Thursday, September 23, 2010

training

Well, I got my wish. Yesterday's shift was unbelievably busy. But not in the way I expected. Soon as we walked on the floor my crew was summoned to the training tower where we spent the next 8 hours doing training evolutions. In full gear and breathing apparatus we had to crawl through a blacked out confined space maze where some of the openings were so tight you had to take your pack off and push it in front of you while being careful not to rip your facepiece off, do a self-rescue head first out of a window (check out the video that inspired our training), reviewed policies, covered a hazmat spill using AFF foam (so fun! looked like a giant bubble bath by the time we were done), did a housefire evolution with live burn, and did a high rise fire evolution.
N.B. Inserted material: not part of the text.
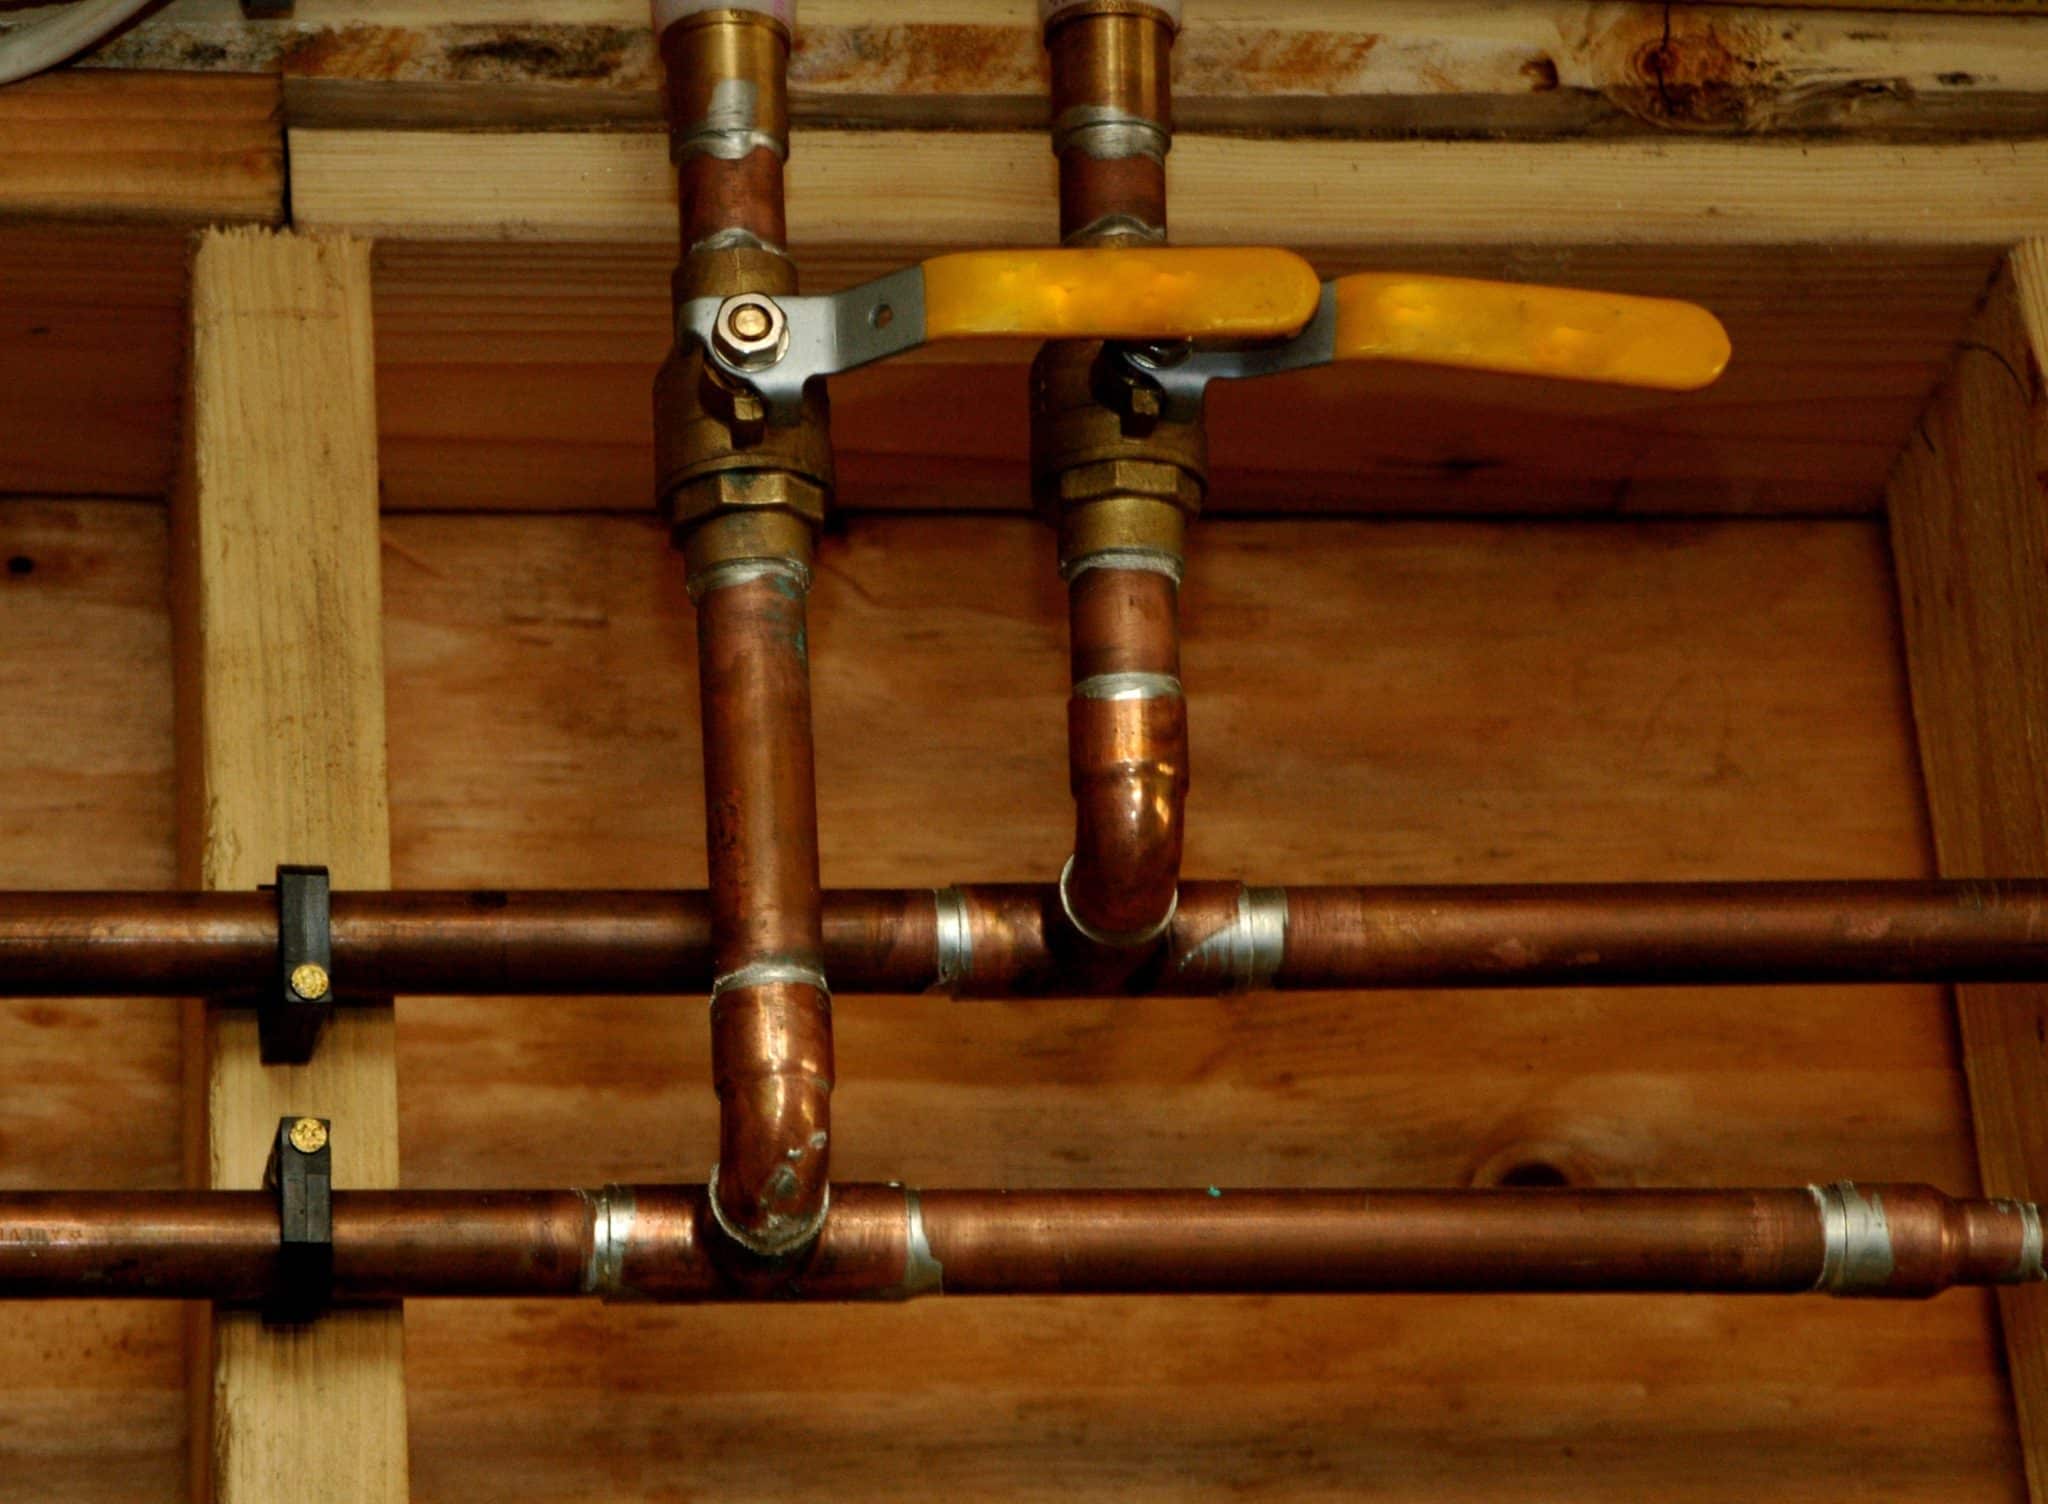 What Causes Pinhole Leaks in Copper Pipes?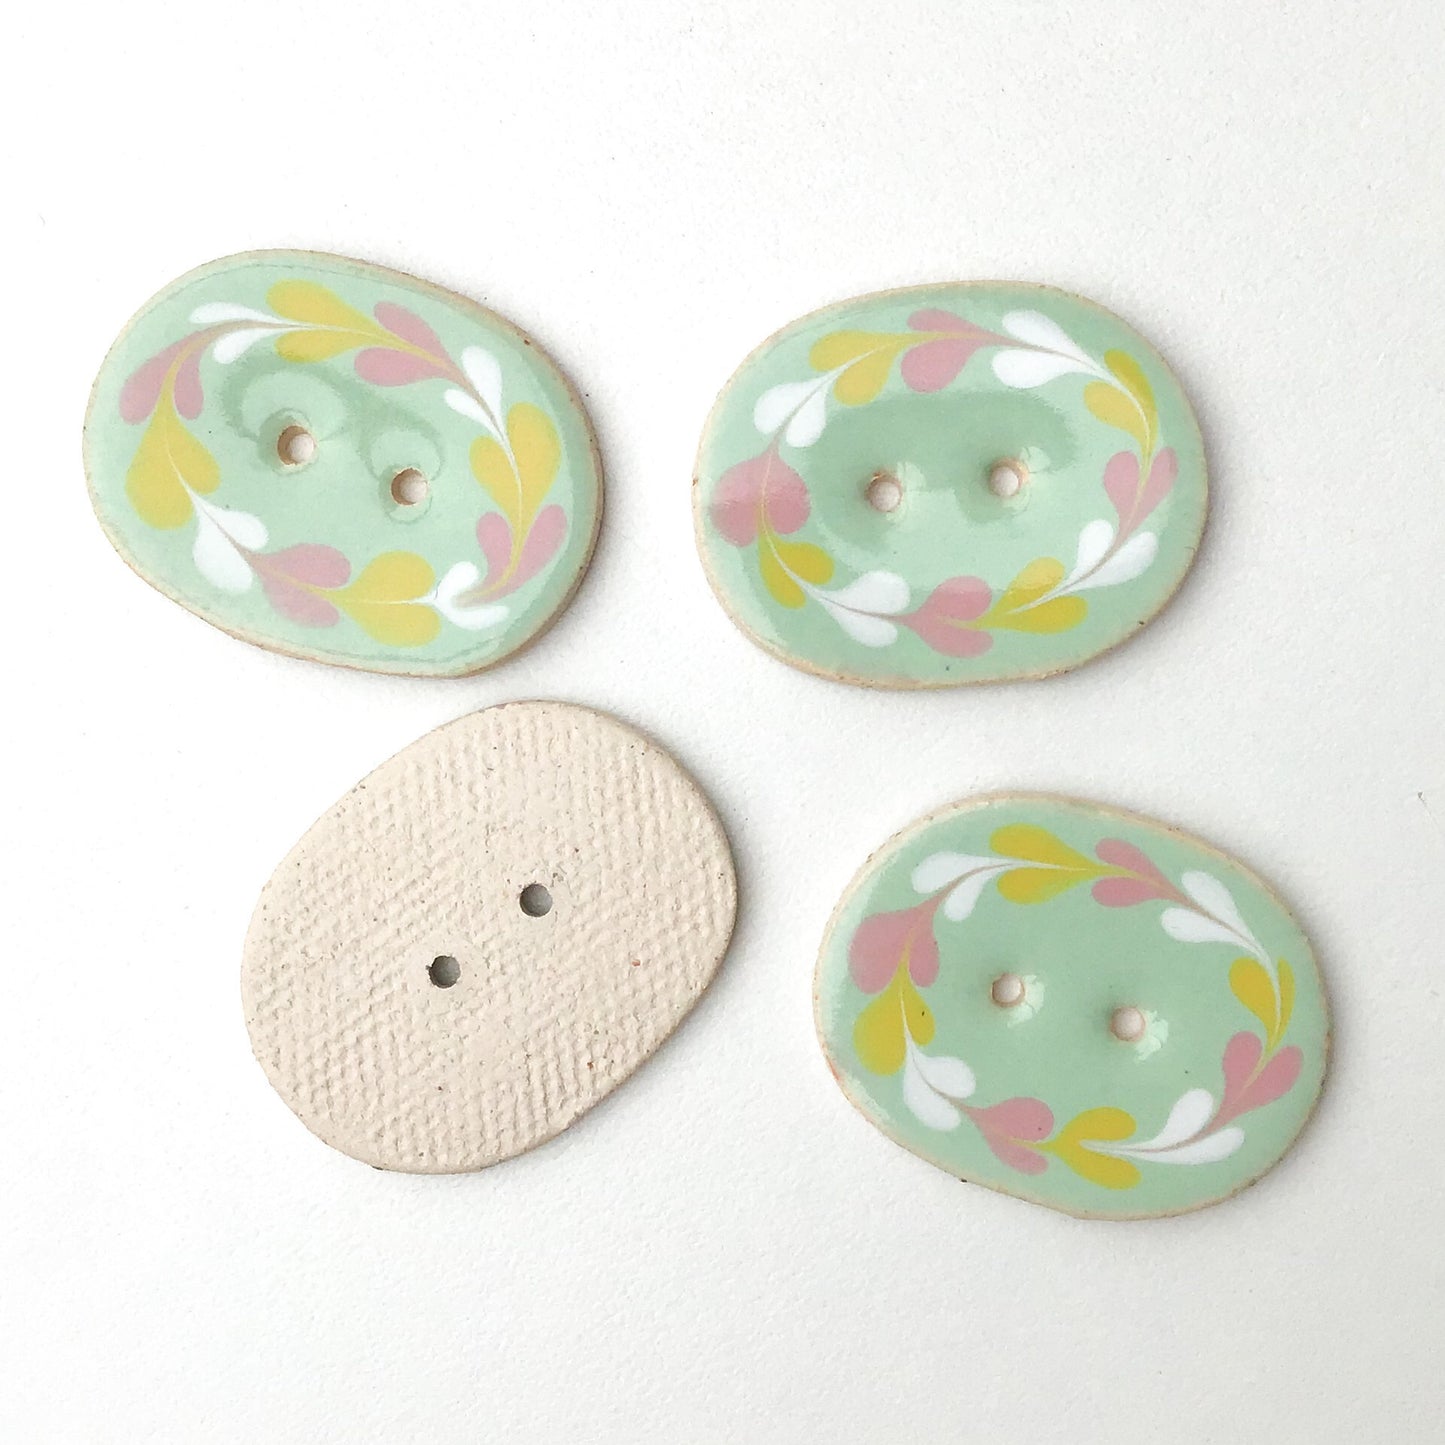 Decorative Ceramic Button with Floral Print Border - Aqua - Mint Green - Blue Clay Buttons - 1" x 1 1/4"

By the end of the day I was pretty pooched. I realized that I had some advantages and disadvantages: I rocked the confine space evolution because I am slim enough to squeeze through the tightest of spaces but some of the equipment was fighting against my body... the airpack harness wouldn't cinch up around my waist tight enough so the weight of the pack started to really bug my neck and shoulders after a few hours. And I was stuck humping 60 feet of charged hose line through a smoky house with zero visibility. It came down to feeling my way back to where the hose was deployed... bend over to pick it up, sling it over my shoulder, turn around and head back towards the fire and drag it as far as I could, turn around and do the whole thing back again a half a dozen times... all by my lonesome. What made it harder was that there were two tight corners that I had to manoeuvre around and bending charged fire lines is pretty darn near impossible. I was breathing so hard I couldn't hear radio communications so for every two breaths I took I held my breath for a few seconds just to create some quiet and listen instead of panting and sounding like Darth Vader in my mask. In a real fire situation I would have had help but since this was training with worst case scenarioI was stuck on my own. Good fun anyway. I learned a few other things like it is great fun to slide down a ladder but probably wouldn't be that fun with flames trying to get at my behind, and I also learned that no matter how tasty and delicious, do not eat a plate of greasy french fries on your lunch break right before you are going to be humping hose.... burping in your facepiece is no fun whatsoever.

On a completely different note, my husband finally figured out a way to tame our daughter at the dinner table. Lately she has taken to tap dancing on the table and messing around and doing everything but eat at dinner time. So I had to laugh out loud when he sent me this picture last night:

In desperation he grabbed my laptop and stuck in a DVD. Thomas the Tank Engine saves the day!